DDR4 System: 4 Intel E7-8870v3 processors, each with 18 cores at 2.1 GHz, for a total of 72 cores and 144 threads (via Hyper-Threading).
DDR5 System: 4 Intel 8360H processors, each with 24 cores at 3.0 GHz, for a total of 96 cores.

Storage System

SeaWulf's storage infrastructure is built on a GPFS storage solution, offering a total capacity of approximately 4 petabytes of SAS spinning disk and 50 terabytes of SSD. The SSD component provides exceptional performance, capable of sustaining over 4 million 4K random read IOPS and achieving sequential read speeds exceeding 36 gigabytes per second.

Connectivity

SeaWulf features five login nodes for user access and task management.
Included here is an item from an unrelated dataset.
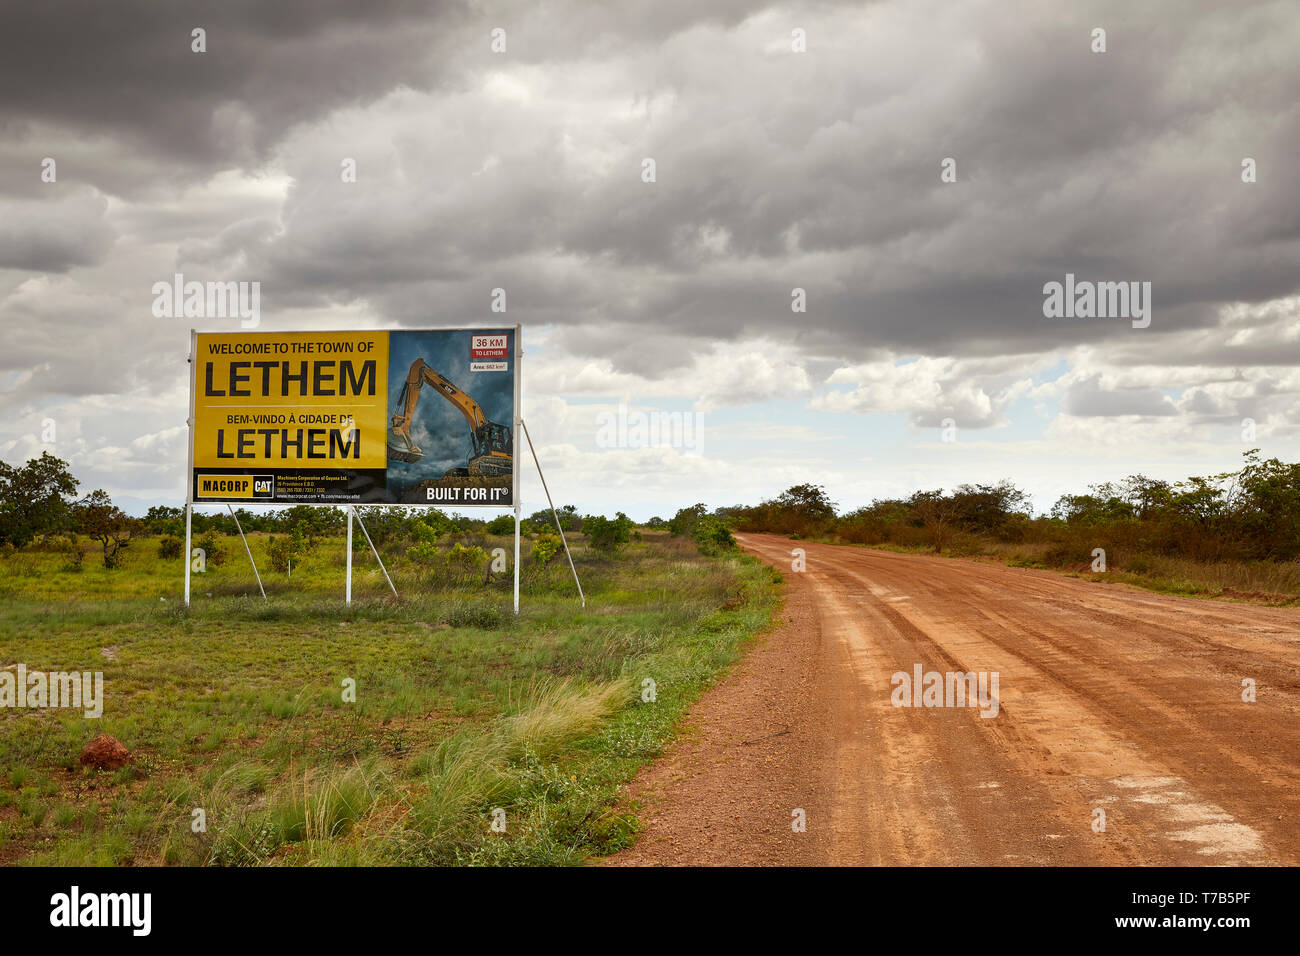 Bienvenido a la ciudad de Lethem, firme en la carretera Linden-Lethem en Guyana América del Sur Foto de stock

The nodes are interconnected via high-speed InfiniBand® networks by Nvidia®, supporting data transfer speeds of 5-50 GB/s.

Performance Calculation

Peak Performance: Cores per node × number of nodes × base clock per core × double precision FLOPS per cycle + Nvidia GPU Teraflops.
Memory Bandwidth Calculation: Memory Clock (1,066 MHz) × 2 (DDR) × 64-bit Memory Bus width × 4 Memory interfaces per CPU (Quad-channel) × 2 CPUs per node / 8 bits per byte.